Two questions need to be addressed when evaluating the significance of our findings. First, we have demonstrated enhanced seed-removal rates and distance dispersal by ants immediately following fire, but how persistent is this effect? Enhanced seed removal presumably persists as long as the simplified foraging conditions are maintained, which would be up to the re-development of the grass layer in the following wet season, around December. For fires such as ours early in the dry season, this is a period of at least 5 months. Given that about half of the regional savanna landscape is burnt each year (Andersen et al. 2003), this means that in any year about half of the area potentially has enhanced seed removal for up to half the time. This time would obviously be shorter for sites burnt late in the dry season. However, because fire intensity is higher and therefore simplification of the ground layer is more pronounced at this time of the year (Williams et al. 2003), the level of enhancement of seed removal could be expected to be greater.

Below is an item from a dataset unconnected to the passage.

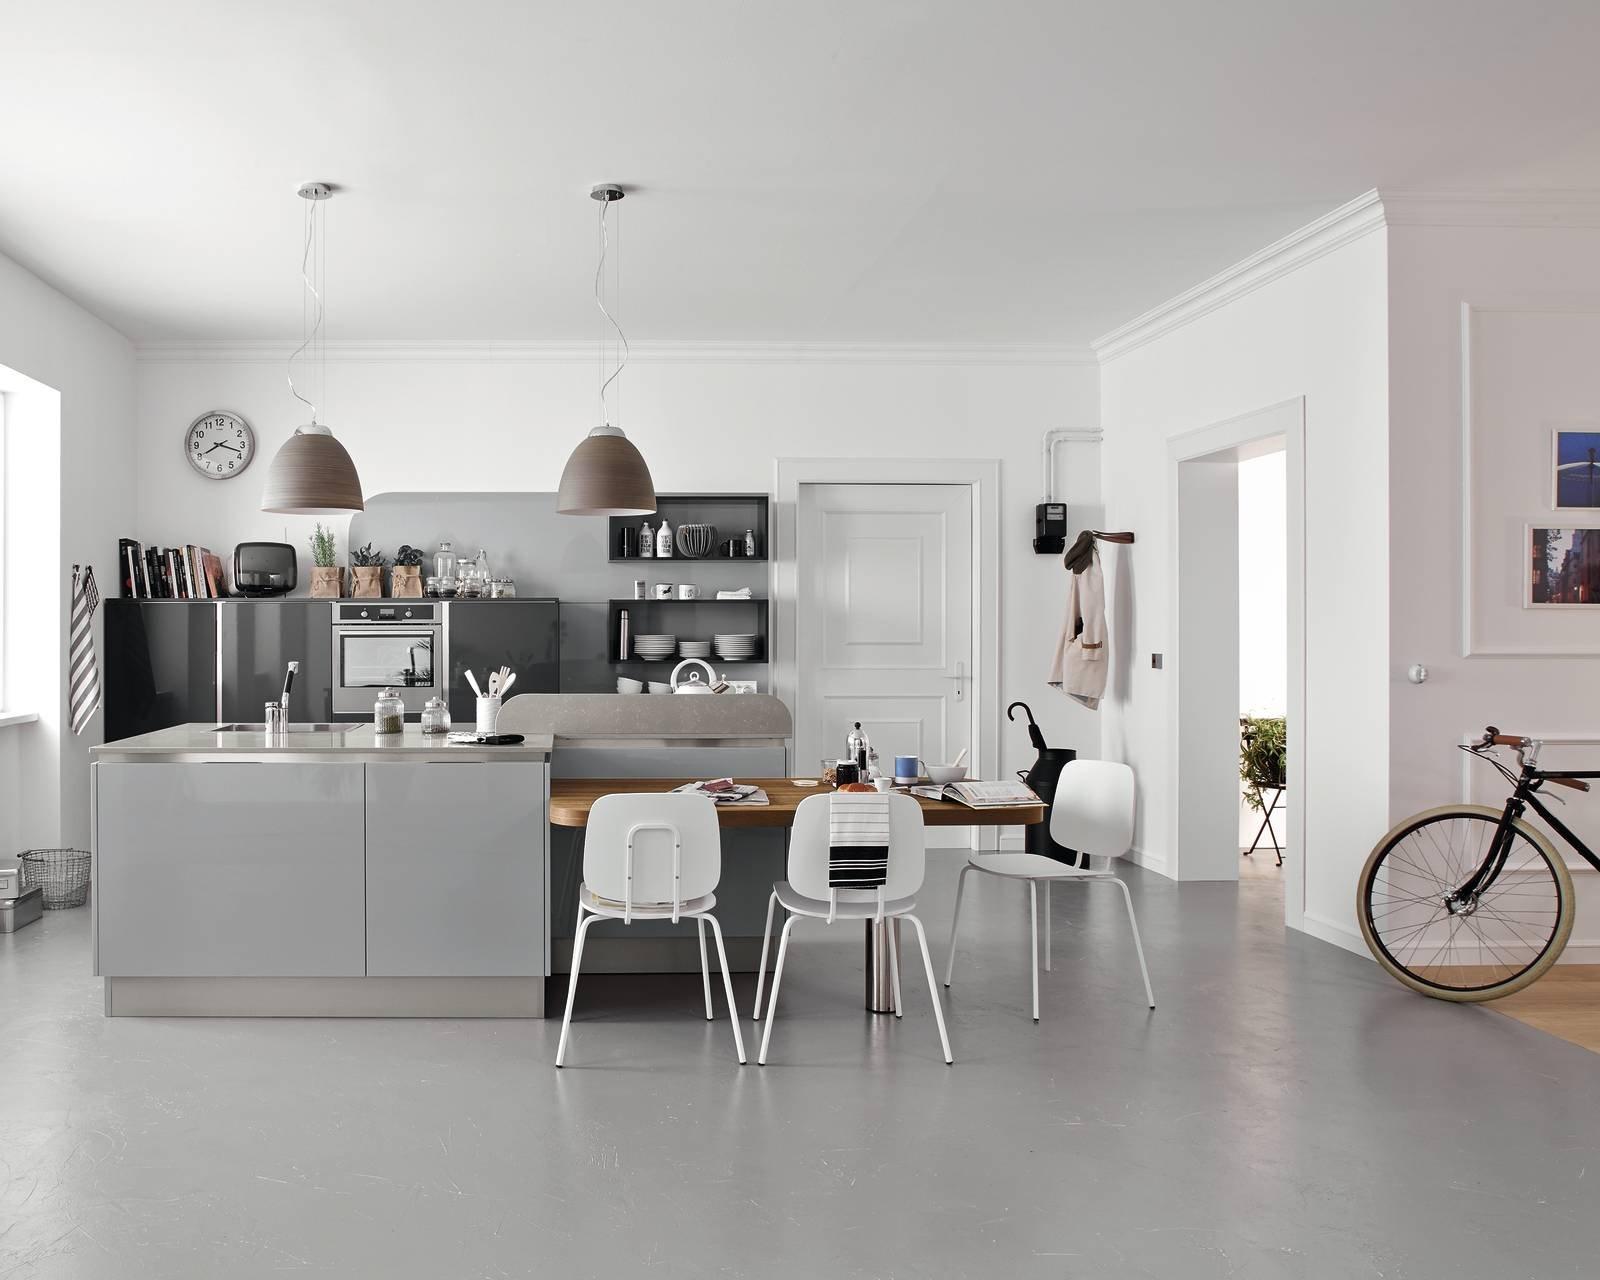 Cucina con l 39 isola in genere divise in due blocchi cose di casa - Cucine con ante scorrevoli ...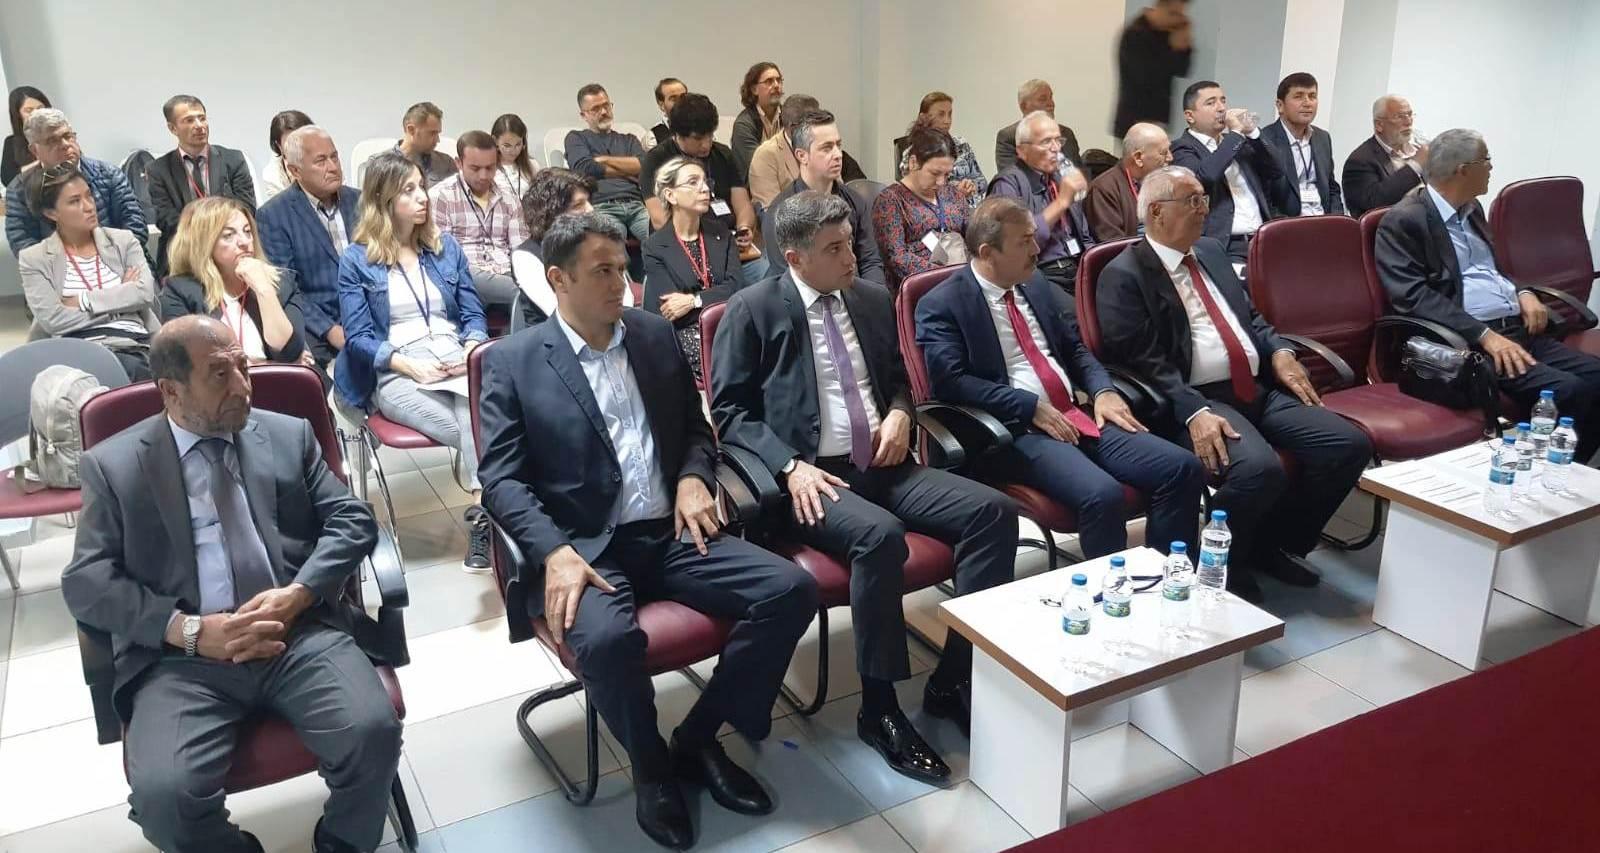 Kaş-Kekova Özel Çevre Koruma Bölgesi Biyolojik Çeşitlilik Araştırma Projesi ile ilgili toplantı yapılmıştır.

Second, what is the significance of enhanced seed-removal rates and distance dispersal for seedling establishment? The benefits to plants in having their seeds dispersed by ants in northern Australia are too imprecisely known to answer this conclusively. However, if the benefit is reduced predation by rodents, then an enhanced removal rate represents a direct benefit. Similarly, the broader range of dispersal distances would appear to benefit plants from a distance-dispersal perspective, through an influence on the proximity of seeds to their parent plants (Westoby et al. 1982; Bond and Stock 1989) and thereby local densities of intra- and interspecific neighbours (Christian and Stanton 2004), as well as through the location of favourable microsites in the context of small-scale patchiness in nutrients and moisture availability (Antonovics et al. 1987).